Orientierungssatz

Der Begriff der Arbeitsunfähigkeit im krankenversicherungsrechtlichen Sinne ist nicht gleichbedeutend mit dem der Erwerbsunfähigkeit iS des Versorgungsrechts, weil beide Begriffe von verschiedenen Ausgangspunkten ausgehen. Arbeitsunfähigkeit liegt dann vor, wenn der Versicherte infolge Krankheit nicht fähig ist, die bisher von ihm verrichtete Erwerbstätigkeit auszuüben. Dagegen ist die Minderung der Erwerbsfähigkeit iS der BVG §§ 30, 31 nach der Beeinträchtigung im allgemeinen Erwerbsleben zu bemessen. Das bedeutet, daß auch schon relativ unbedeutende Erkrankungen zur (vorübergehenden) Arbeitsunfähigkeit, nicht jedoch zur Erwerbsunfähigkeit führen können.

 

Normenkette

BVG § 30 Abs. 1 Fassung: 1971-12-16, § 31 Abs. 1 Fassung: 1972-07-24, § 62 Abs. 1 S. 1 Fassung: 1966-12-28, § 31 Abs. 3 Fassung: 1960-06-27

 

Tenor

Auf die Revision des Beklagten wird das Urteil des Bayerischen Landessozialgerichts vom 31. Januar 1975 aufgehoben.

Die Sache wird zur erneuten Verhandlung und Entscheidung an das Landessozialgericht zurückverwiesen.

 

Tatbestand

Der Kläger bezieht laut Bescheid des Versorgungsamtes (VersorgA) L vom 8. November 1962 eine Versorgungsrente nach einer Minderung der Erwerbsfähigkeit (MdE) um 40 v.

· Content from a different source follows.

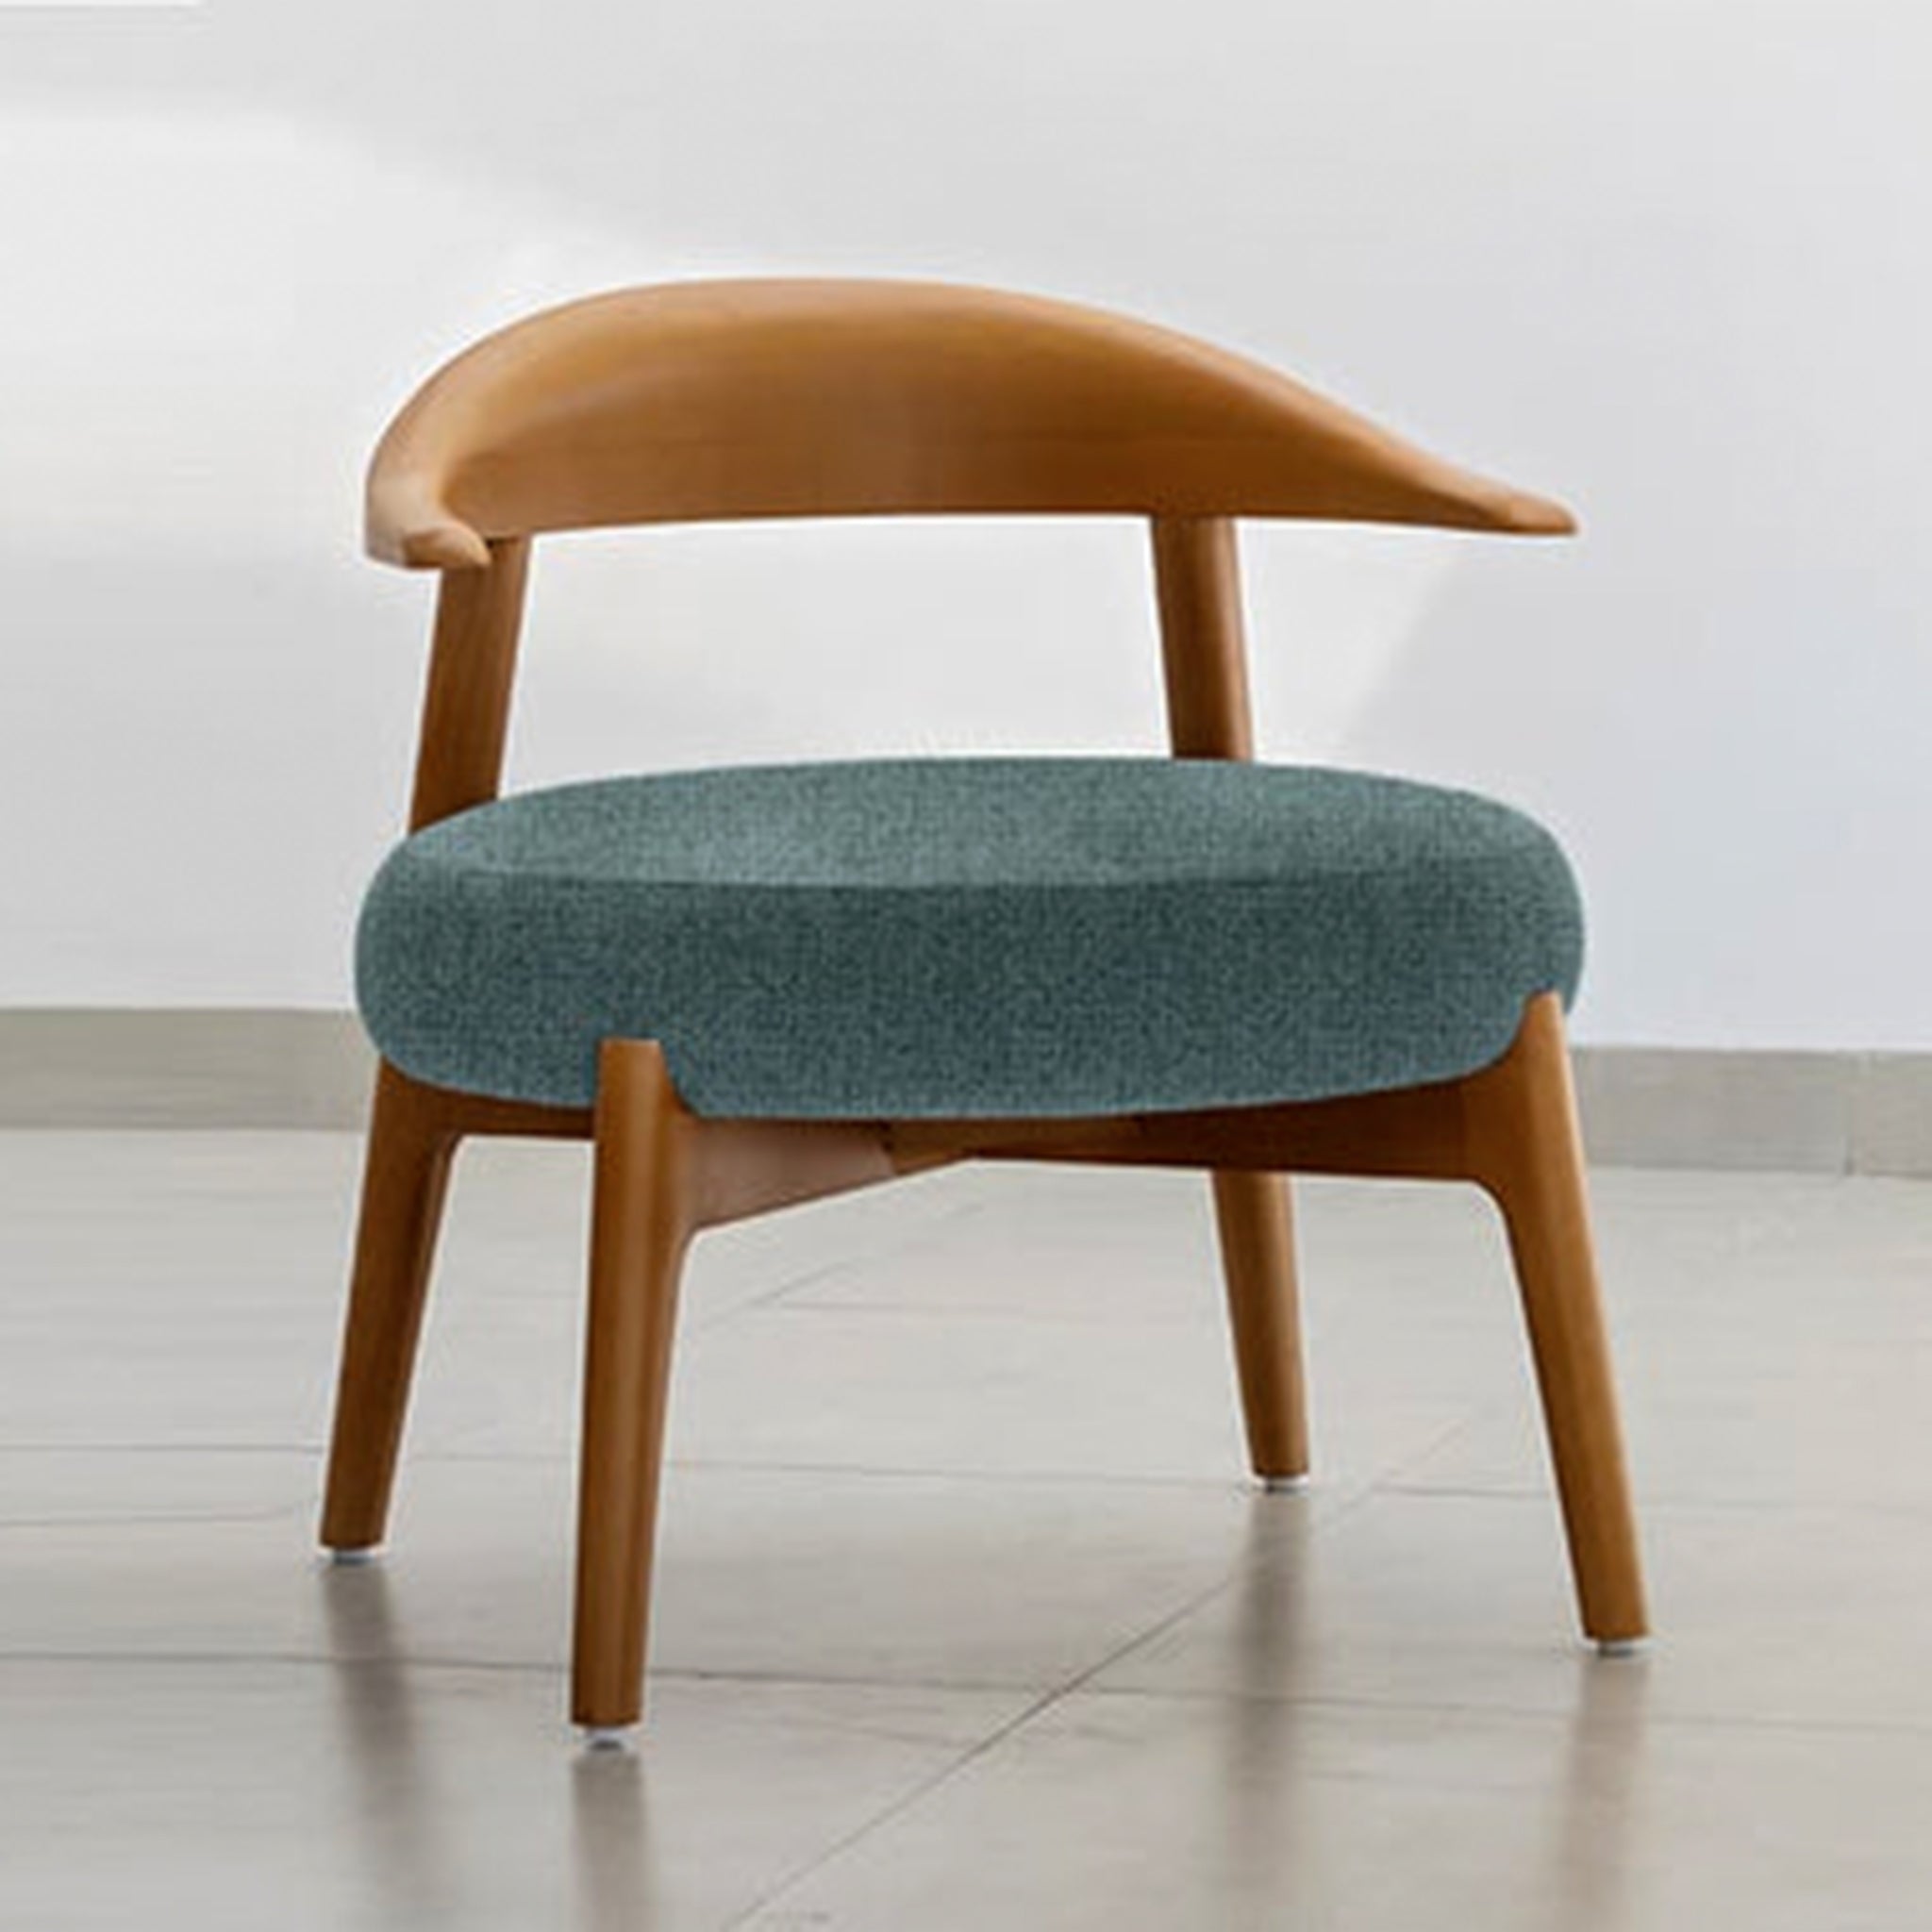 "Mid-century modern Hyde Accent Chair for stylish interiors"
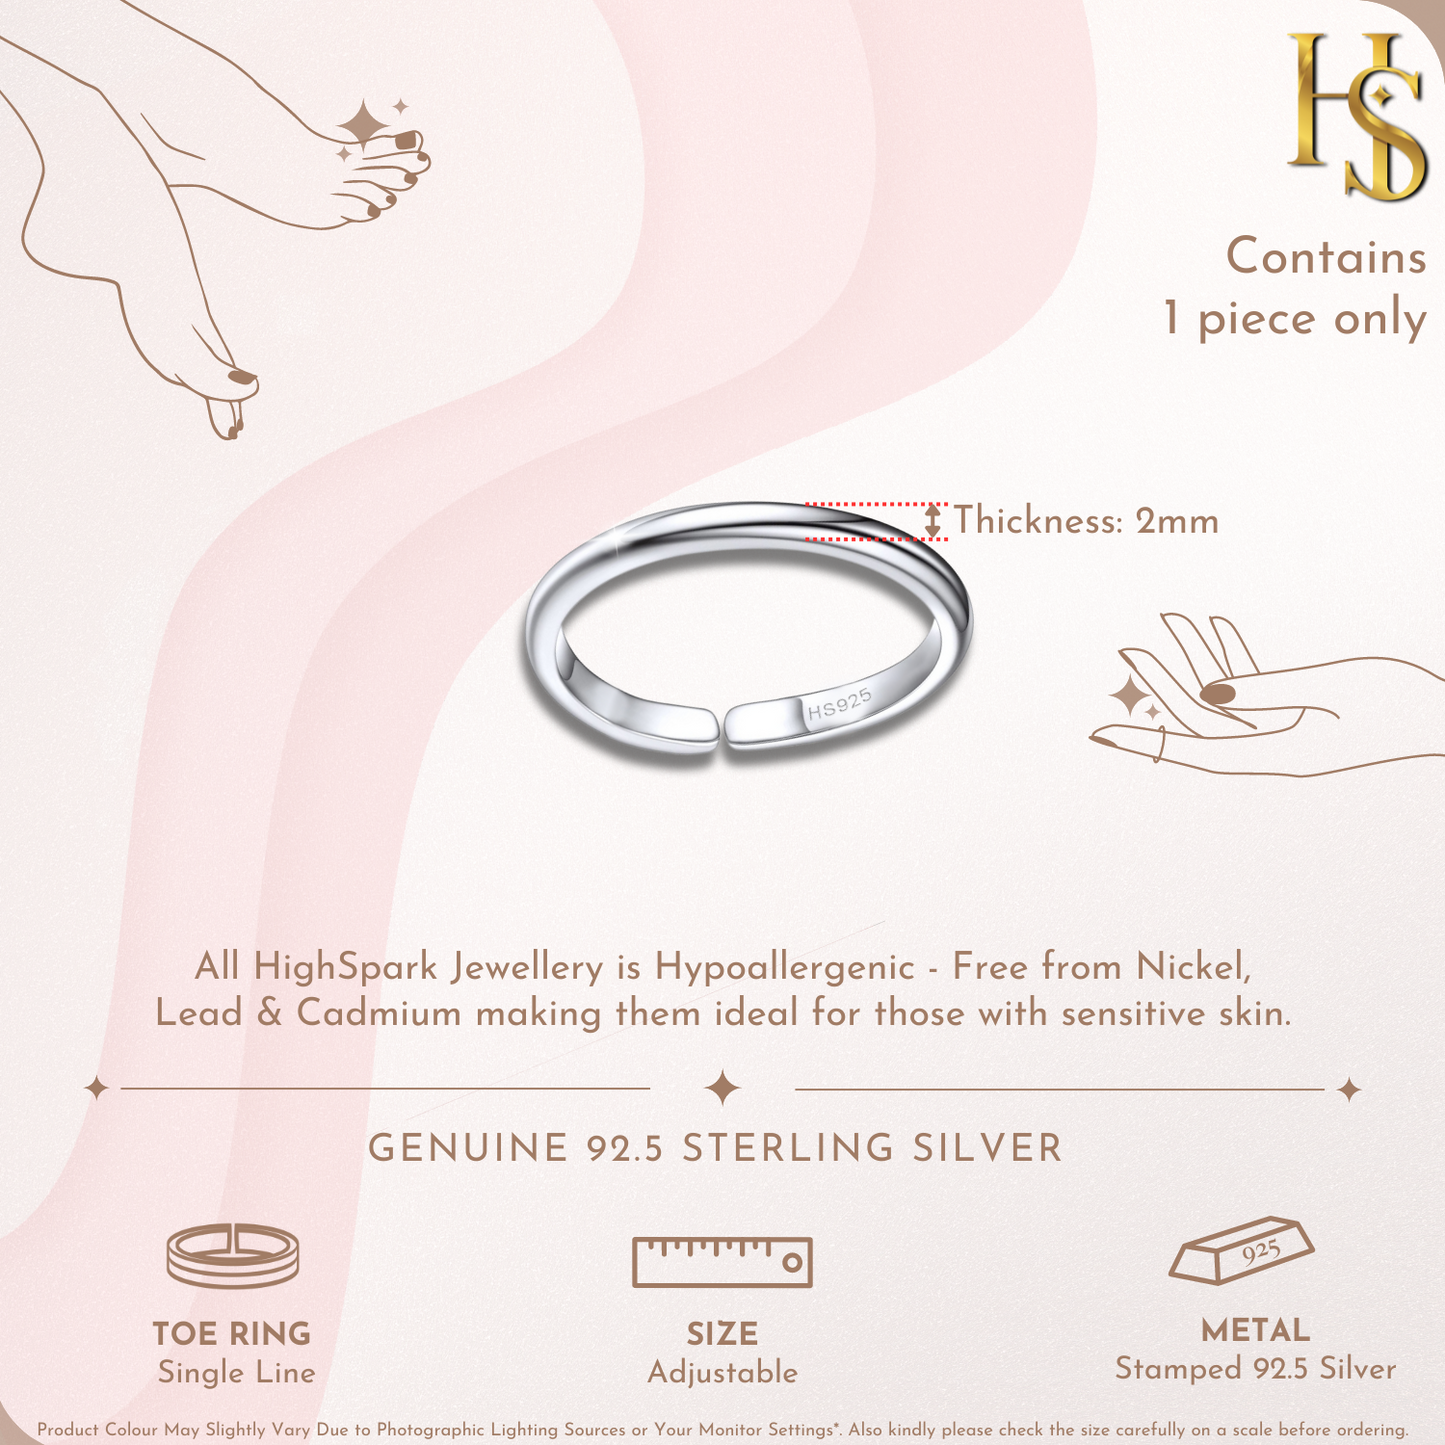 Classic Single Band Toe Ring - Band Ring - 925 Sterling Silver - 1 Piece

H., hauptsächlich wegen des Verlustes sämtlicher Zehen beiderseits nach Erfrierung mit umschriebener Verhornung der Stumpfnarben. Seinen im Februar 1972 gestellten Antrag auf Höherbewertung der MdE wegen Leidensverschlimmerung lehnte das VersorgA durch Bescheid vom 6. Juli 1972 ab. Der Widerspruch war erfolglos (Widerspruchsbescheid des Landesversorgungsamts - LVersorgA - B vom 6. Oktober 1972). Auf die Klage hat das Sozialgericht (SG) Landshut durch Urteil vom 19. September 1973 den Beklagten verurteilt, dem Kläger vom 1. Februar 1972 bis 31. Oktober 1972 Rente wegen Erwerbsunfähigkeit zu gewähren; es hat die Berufung zugelassen.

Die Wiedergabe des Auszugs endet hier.